There's almost always sympathy for the monster in those old Universal type horror films. The early classic Nosferatu (1922) & Werner Herzog's 1990 close remake thereof is about a monster defeated by love. The original Mummy (1932) pursued a lost love across time. Willis O'Brien's King Kong (1933) was the biggest softy who ever stomped on pedestrians. The fate of Lon Chaney Jr as the Wolf Man (1941) tugs at the heartstrings much more than at our bloodlust. In The Creature Walks Among Us (1956) the Creature from the Black Lagoon gets his gills burned off & can no longer survive in the water; that scene where he's standing among sheep longing to return to the sea is just so sad.

That attitude of sympathy for monsters was carried into the 1960s with television's original The Outer Limits that only rarely had a truly monstrous monster; several of those strange beings had more humanity than the humans. And the sympathy-for-monsters also had a decadent survival in Japanese rubber-suit movies, with figures like Mothra or Godzilla becoming essentially monster-sized superheros.


They WatchIt's mainly modern horror that has made horror a tacky joke or an extavaganza of exploding heads for exploding heads sake.
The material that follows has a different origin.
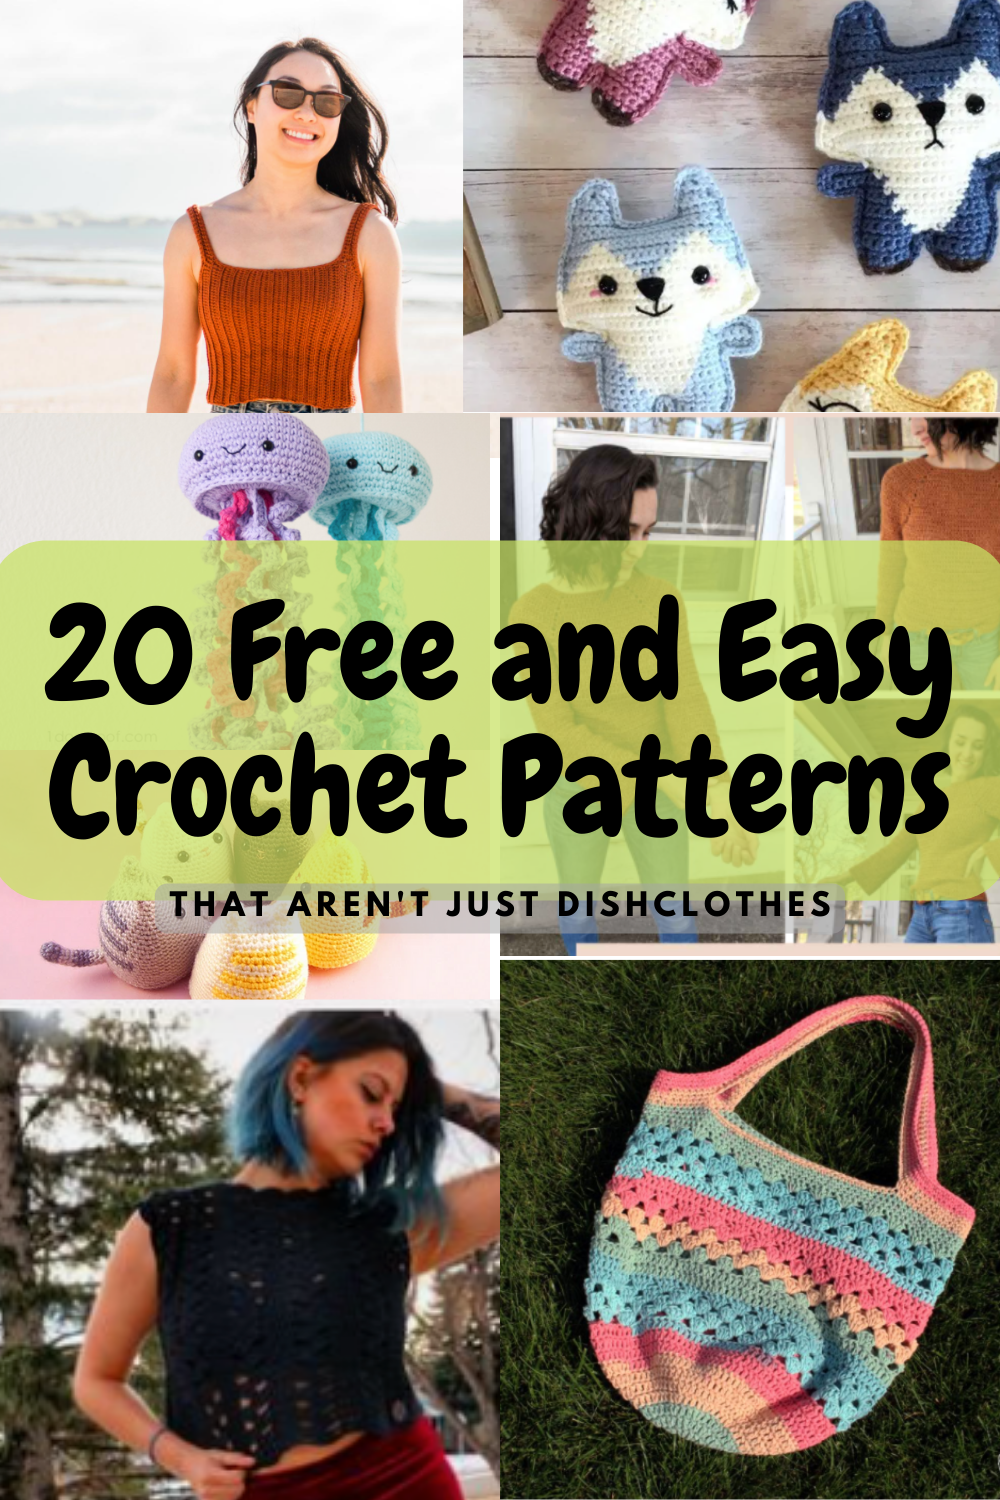 Top 10 Crochet Project To Make In Under An Hour

But the occasional exceptions can be even as great as Donnie Darko a creepy little modern classic with a heartwrenching conclusion. Dark Angel: The Ascent also has good-heartedness in it despite that the angel pulls out a rapist's spine & tries to give it to a rape victim as a trophy. The Ginger Snaps trilogy is bloody & extreme without losing its sense of sadness & humanity.

A lot of humanity is found in the area of ghost stories, from Portrait of Jenny (1948) to Ghost (1990), but such as these are supernatural love stories, not horror. Others which do have elements of horror are not blood-soaked horror, so of course films about ghosts would be more prone to humane expressions.
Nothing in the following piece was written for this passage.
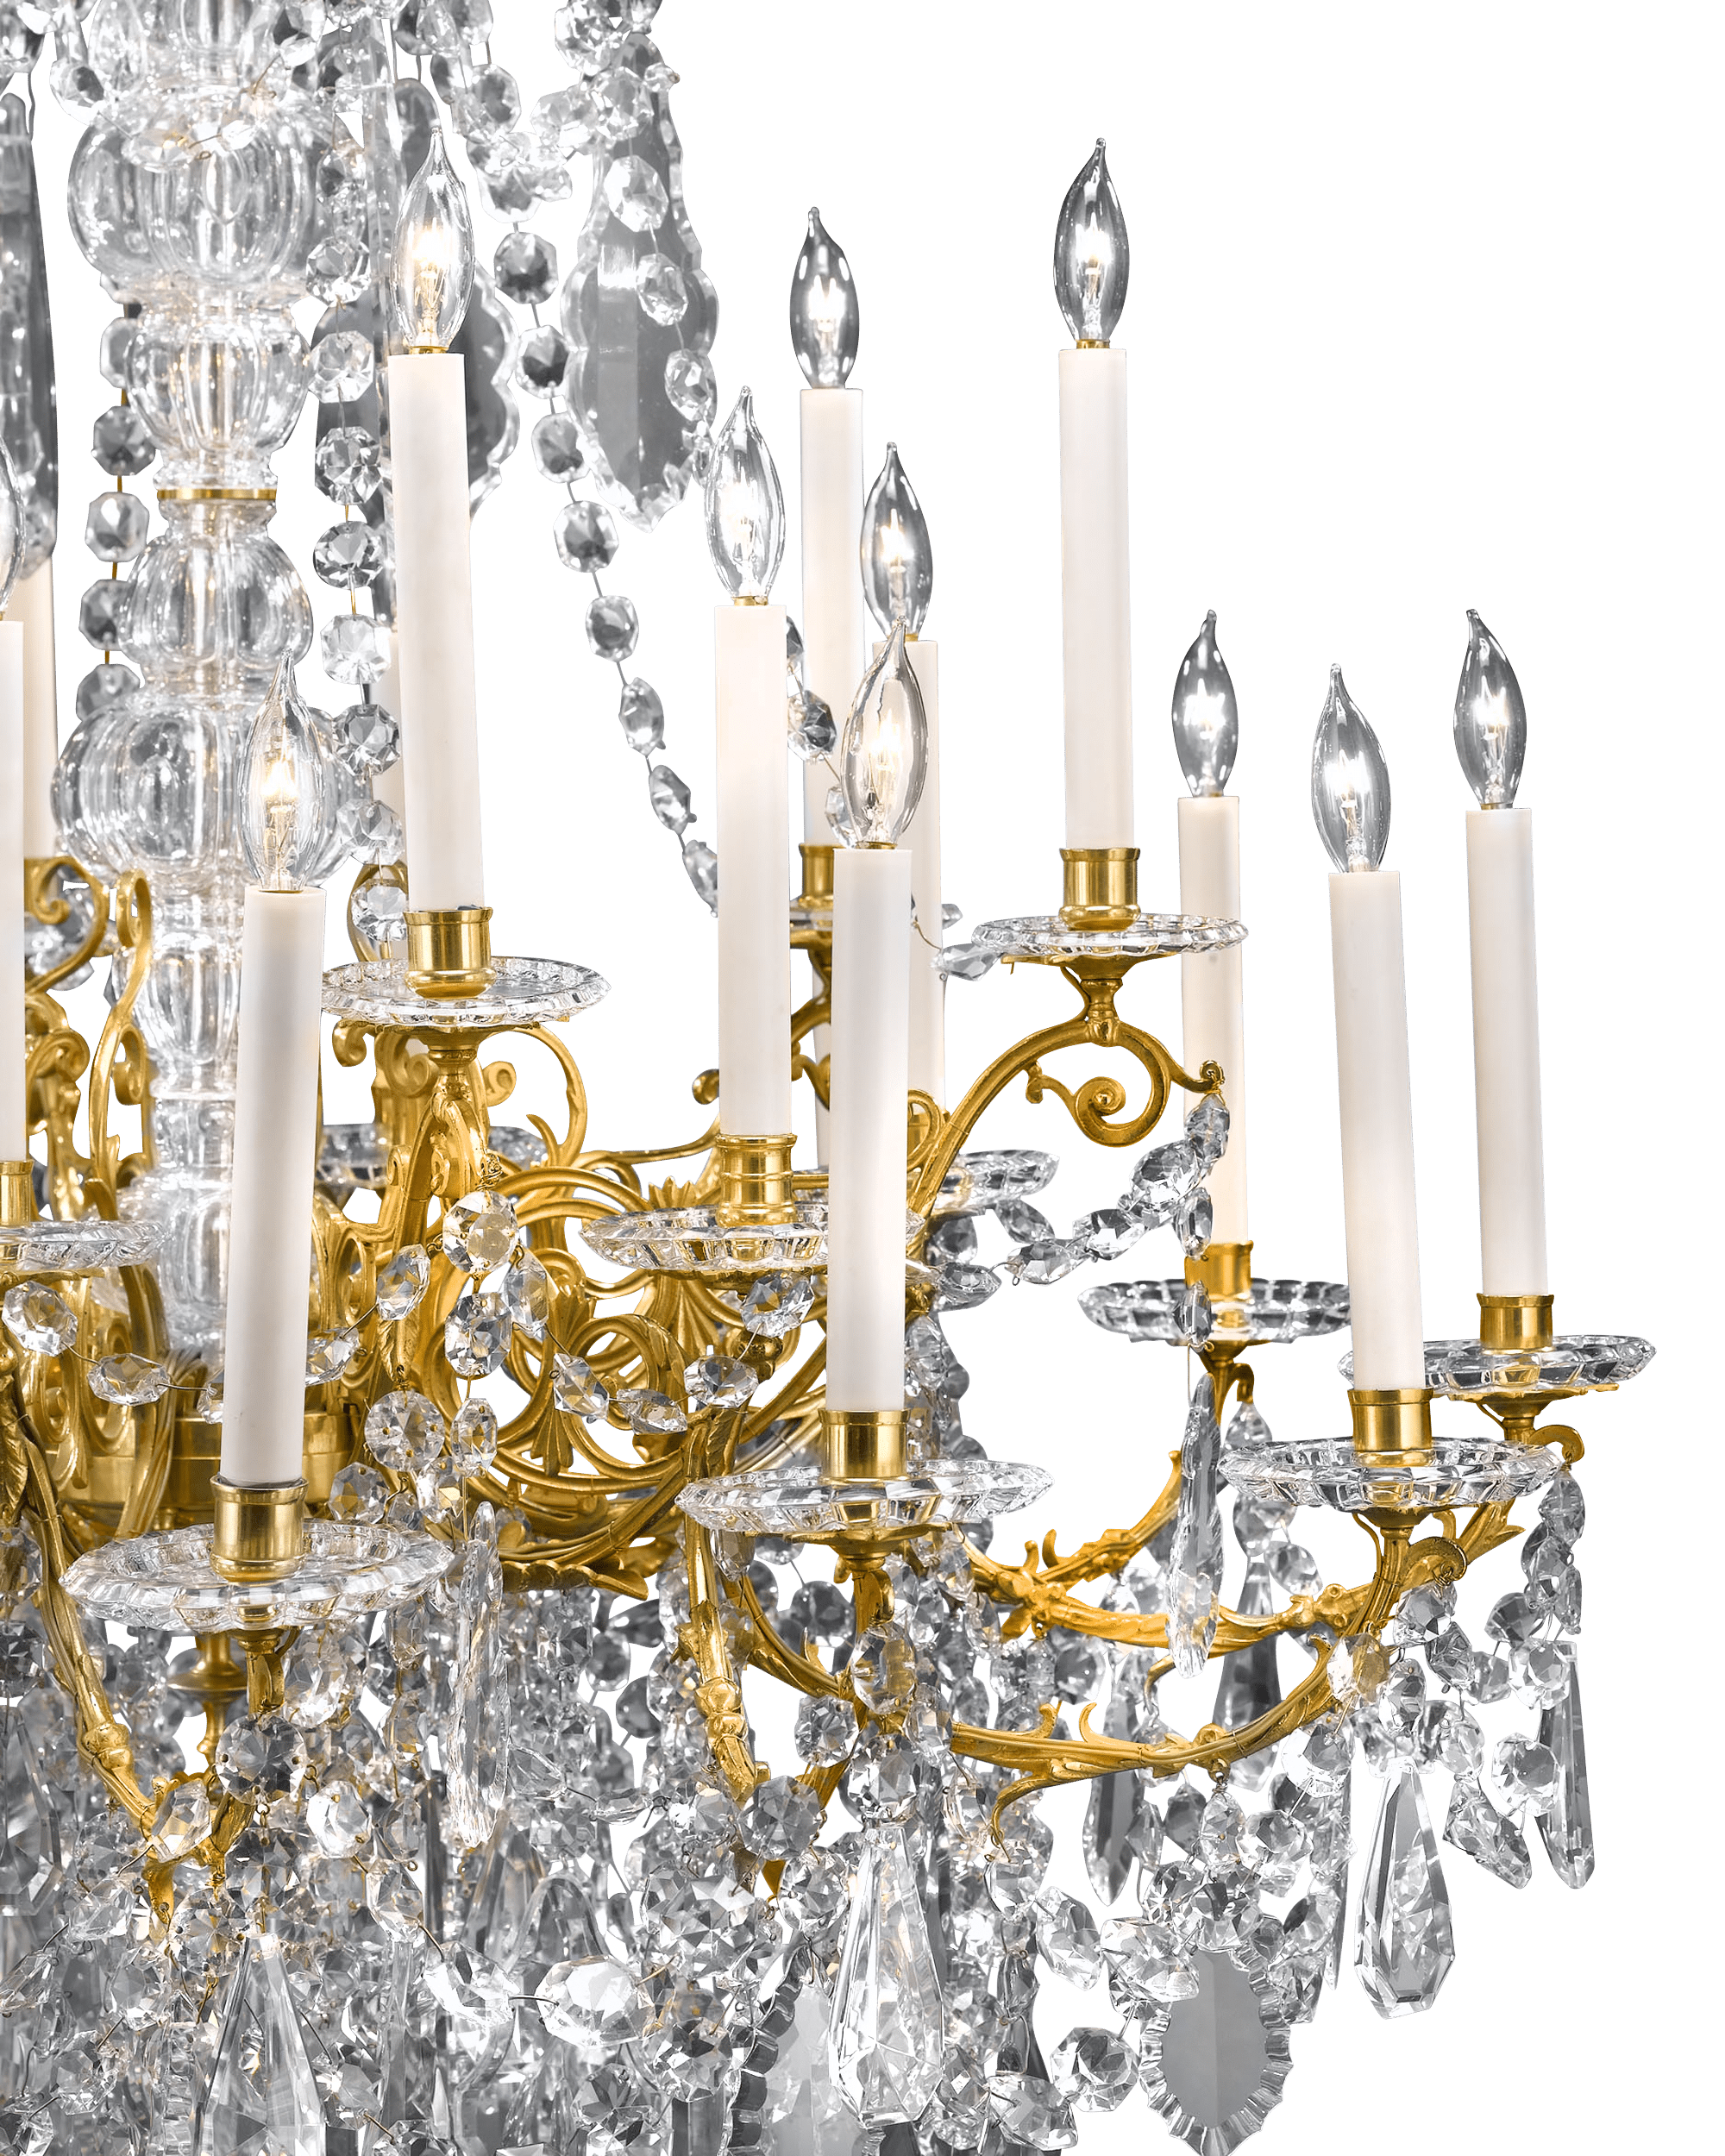 This outstanding chandelier has been restored for electricity

A spooky ghost story They Watch (1994) was based too loosely on Rudyard Kipling's wonderful novelette "They." The film's in great part about how sad it is to have one's child die. The first half hour is way too boring, showing a dysfunctional family (none of it from Kipling) & completely unrelated to the rest of the film which is pretty good.

The creepy owl-girl made They Watch excellent "quiet horror," & the presence of Venessa Redgrave as the woman who oversees the house of ghostly children, raises the calibre of the movie above the norm.
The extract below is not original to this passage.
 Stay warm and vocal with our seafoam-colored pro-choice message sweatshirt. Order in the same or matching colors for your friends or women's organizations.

But even with a demonic presence that troubles the childrens' ghosts, it remains a bloodless film about the living grieving for the dead. It wants you to dampen your hanky more than your shorts. It is not apt to be sat through by the hardcore buckets-of-blood fans. But to see something of that same humanity in something that's bloody & gross just struck me as interesting & quite naturally rare, all thoujghts triggered by a viewing of April Fool's Day.